The president of my company, Mark Griffis at Aviture, posed a question to all of us months back: What is your “Why“? What drives us in our position at the company, in our careers, in our lives? Why are we here? I believe his goal was to inspire us to identify our own career path, desires, and goals and to take ownership of them. With the support of him and everyone else at the company, lets start achieving those goals.
First it starts with Why. The why is what subconsciously got us to where we are now. It’s what gives us energy. It’s what makes us feel successful, and happy. It’s an underlying force that influences our decisions and our future. If we can understand our why, we can harness that internal drive and start leading our careers down a path that innately gives us energy and allows us the highest chance for success.
My Struggle to Why
Uncovering and understanding my why was tough.
I have always been a determined, career oriented person. I have advanced very quickly and have made my career what I have wanted it to be. But I couldn’t readily answer my why. Of course I strived for
certain hygiene factors and some superficial things like: high salary, being a top performer, recognition and having fun.
But what was my drive in pursuing these characteristics in the realm of software, problem solving, the web and agile processes? I spent a week trying to figure out why I really enjoyed writing software one day, learning agile another, mentoring new college grads a month later, and catching up on UX design principles right after. I was confused why it was so hard, until it clicked.
I like to solve problems in innovative ways. For me, Innovation isn’t about giving people what they want, but what they didn’t know they needed. When a group starts hearing these off the wall, innovative solutions they all of a sudden need them and start seeing a future they didn’t realize was there. Â I like to be a driving force in that discovery and change.
I like to implement those ideas. I want to make a real difference. I want to see those ideas through and learn from them.

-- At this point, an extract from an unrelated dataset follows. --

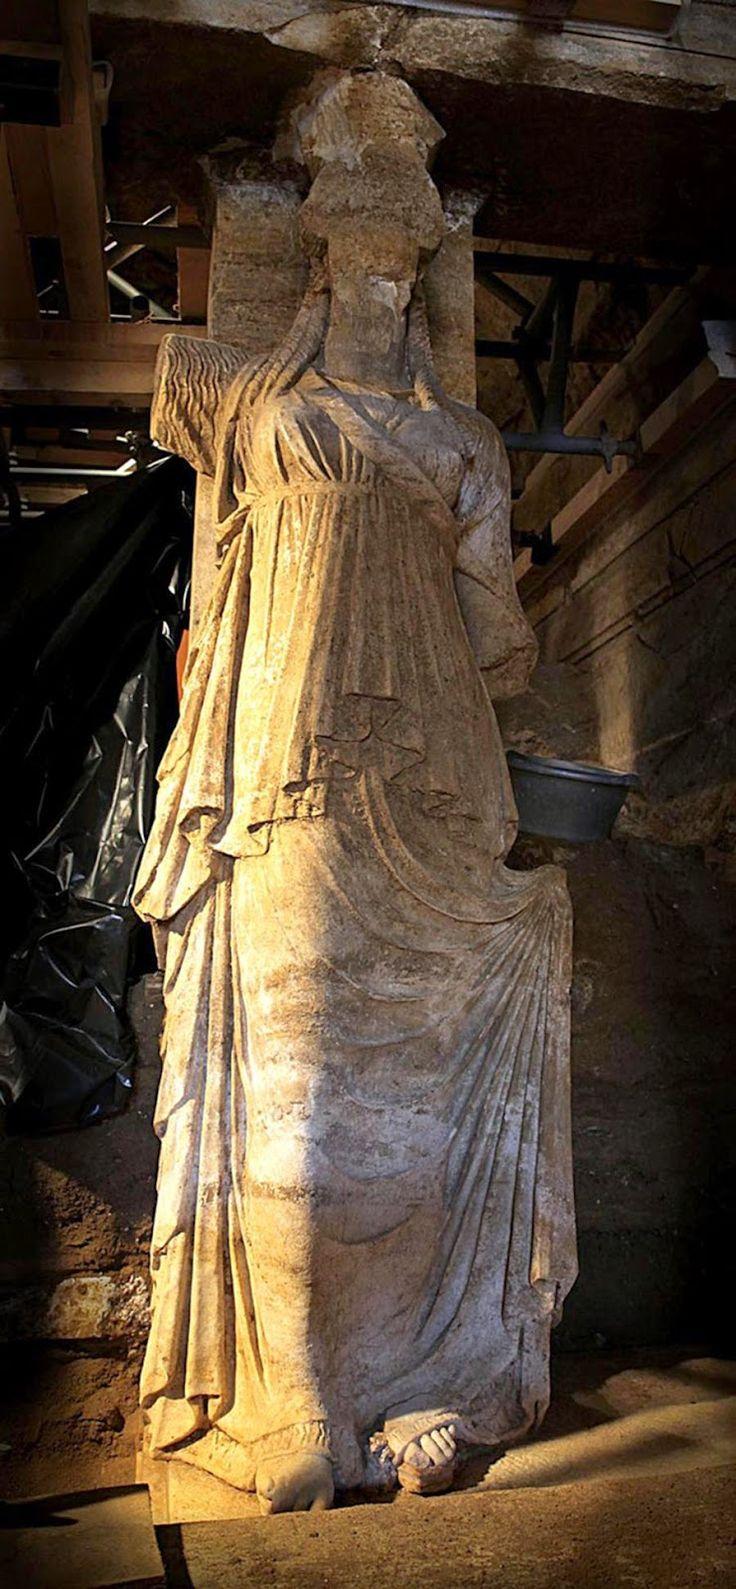 explore nature: Ολόκληρες οι Καρυάτιδες στην ανασκαφή της Αμφίπολης (ΦΩΤΟ)
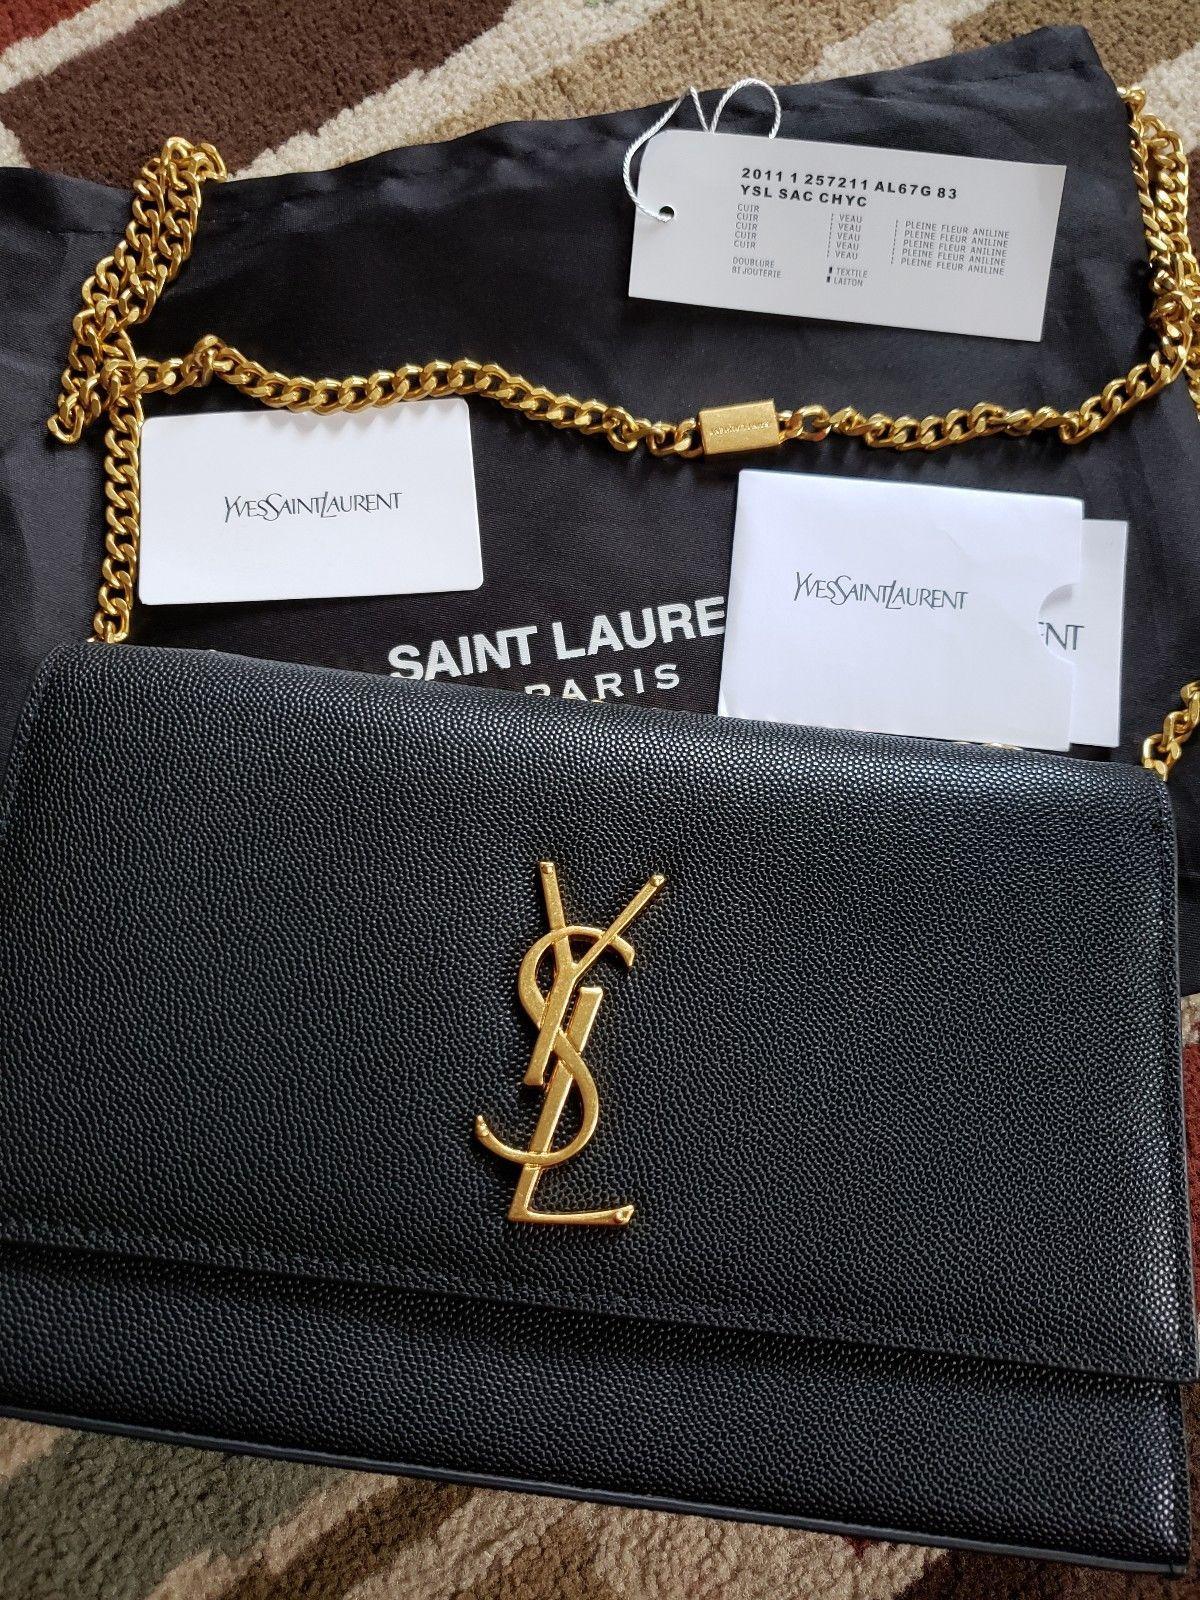 aad02008f1e YSL SAINT LAURENT KATE BAG BLACK MEDIUM GOLD HARDWARE | Saint Lauren ...

Learn what works and doesn’t work so next time I can apply the good concepts and discard the bad.
Innovative problem solving is my base but I am also really good at software and web development. I can learn and apply technical concepts, the latest technology, and computer science very quickly. I have always had a passion to understand all the things around technology which has excelled my abilities in actually implementing these innovative ideas. I focus on web development over other tech because it has the biggest opportunity to impact the most people at once, to help the most people at once. That drive of problem solving for large numbers of people and my development abilities mixed together is definitely why I am here at Aviture.
Problem solving for me isn’t limited to just software. My interests fluctuate between new technologies, product improvements, and people problems. These are prioritized with what I think will have the greatest impact at the time. I co-found the Agile for Defense Meetup because I discovered that many teams and smart, innovative people were not producing anything useful on their projects. It’s often not any individual’s fault or problem, it’s the situation, system, assumptions, lack of ownership and empowerment which has lead to software being built the way it was. For a handful of us, we saw a way of improving that which was mostly solving people problems: how we communicate what’s desired, how we work together, and how we cultivate an innovative approach to producing usable software. This problem at the time had a much greater impact than any particular software problem on the project I was working on. So that interested me the most and I was really driven to solve that human problem.
I find myself going back and forth between technology, product improvement and people problems. Â It’s what is needed at the time mixed with the most innovative ideas I can implement that will make real differences. That’s what drives me. That’s my why.
Since identifying my why a couple months back, I have been able to effect change that I am excited about.
I have started taking conscious and intentional actions in leveraging my drive at work. I started to identify opportunities to participate in innovative solutions on the projects I am working on, and on project I am not. Some of my most energetic and exciting days have been days helping other teams with high impact innovations that I have already exhausted on my current team.
I have had help from others in satisfying my why. After sharing my first draft with our president, I have had very open and frequent discussions with him about ideas, options and opportunities that could fulfill my why. Mark has engaged in it so much he sometimes questions ideas of mine on how they may conflict or not line up entirely with my why. This level of engagement would not have been possible without writing down and sharing my why.
I have started activities outside of work that give me energy and happiness. Agile for Defense was one success of this that I hadn’t formally broken down and understood. With my new found clarity, I have shared my desire for innovation and brainstorming with others who have a similar drive and we are starting to brainstorm on unbounded inventions. This is a new exploration for me that I am excited to see where it leads.
My changes are rewarding in and of themselves, but they are one sided. I haven’t gotten to explore what would happen if I were aware of your Why. What could we start accomplishing if we understood what drove each other? So I ask you to do the following:
Consider your Why. Write it down. Share it. Be proud of it. And most importantly, start achieving it.